The report, he said, states that “there is unequal enforcement of anti-terrorist laws in the US and that this treatment of Muslim charities hurts, rather than helps, the war on terrorism.” It added that the US Treasury Department’s refusal to meet IIRO officials over the past two and a half years created the impression that Treasury officials are more concerned with press releases than success in preventing the misuse of charities.
Referring to the refiling of the lawsuit, Belew said several public disclosures about the Bush administration’s surveillance program in general and about the AHIF’s role in particular could help Al-Haramain’s lawyers prove their case.
“The amended lawsuit filed today seeks to do that by quoting public statements made by US officials, including former Attorney General Alberto Gonzales and FBI Director Robert Mueller,” said another report obtained by Arab News.
Commenting on the lawsuit, US Justice Department spokesman Charles Miller has been quoted in the report as saying: “We’re reviewing the lawsuit.”
Defendants in the lawsuit include President Bush, the National Security Agency, the FBI and other agencies and officials. Plaintiffs are the AHIF and two of its American lawyers, Belew and Asim Ghafoor, who say their calls to Al-Haramain officials in Saudi Arabia were tapped in 2004.
According to the report, the next step will be to ask the US judge, who threw out the last lawsuit, to consider examining the top-secret document as possible evidence under confidential procedures. While the US District Court Judge Vaughan Walker dismissed the original lawsuit, he left the door open for an amended lawsuit by ruling that the Bush administration could not use a state-secrets argument to seek the dismissal of a lawsuit, claiming a violation of the Foreign Intelligence Surveillance Act (FISA).

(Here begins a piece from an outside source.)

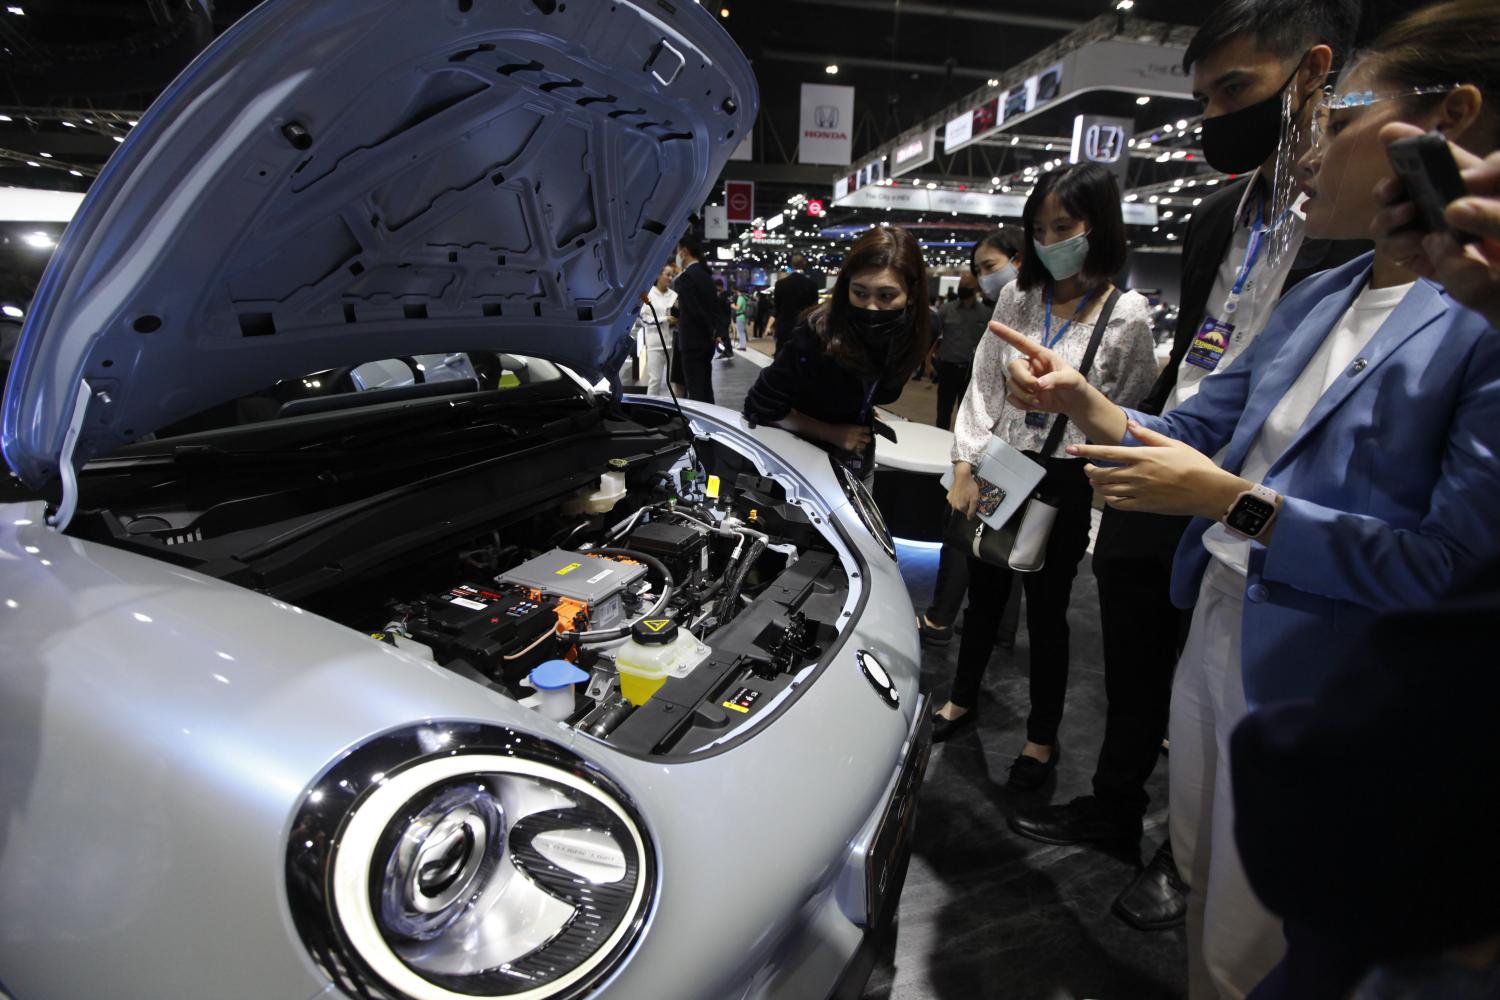 People inspect an electric vehicle at the Bangkok International Motor Show 2021 held in March and April this year. (Photo: Varuth Hirunyatheb)

The Al-Haramain case is one of about 45 domestic surveillance lawsuits from around the US that were consolidated in Walker’s court. Most others were filed against telecommunications companies rather than the government. Those cases appear to have been ended by the FISA amendments passed by Congress and signed by Bush giving the companies retroactive immunity from being sued. But, several groups represented by the American Civil Liberties Union have filed a lawsuit in the federal court in New York challenging the amendments.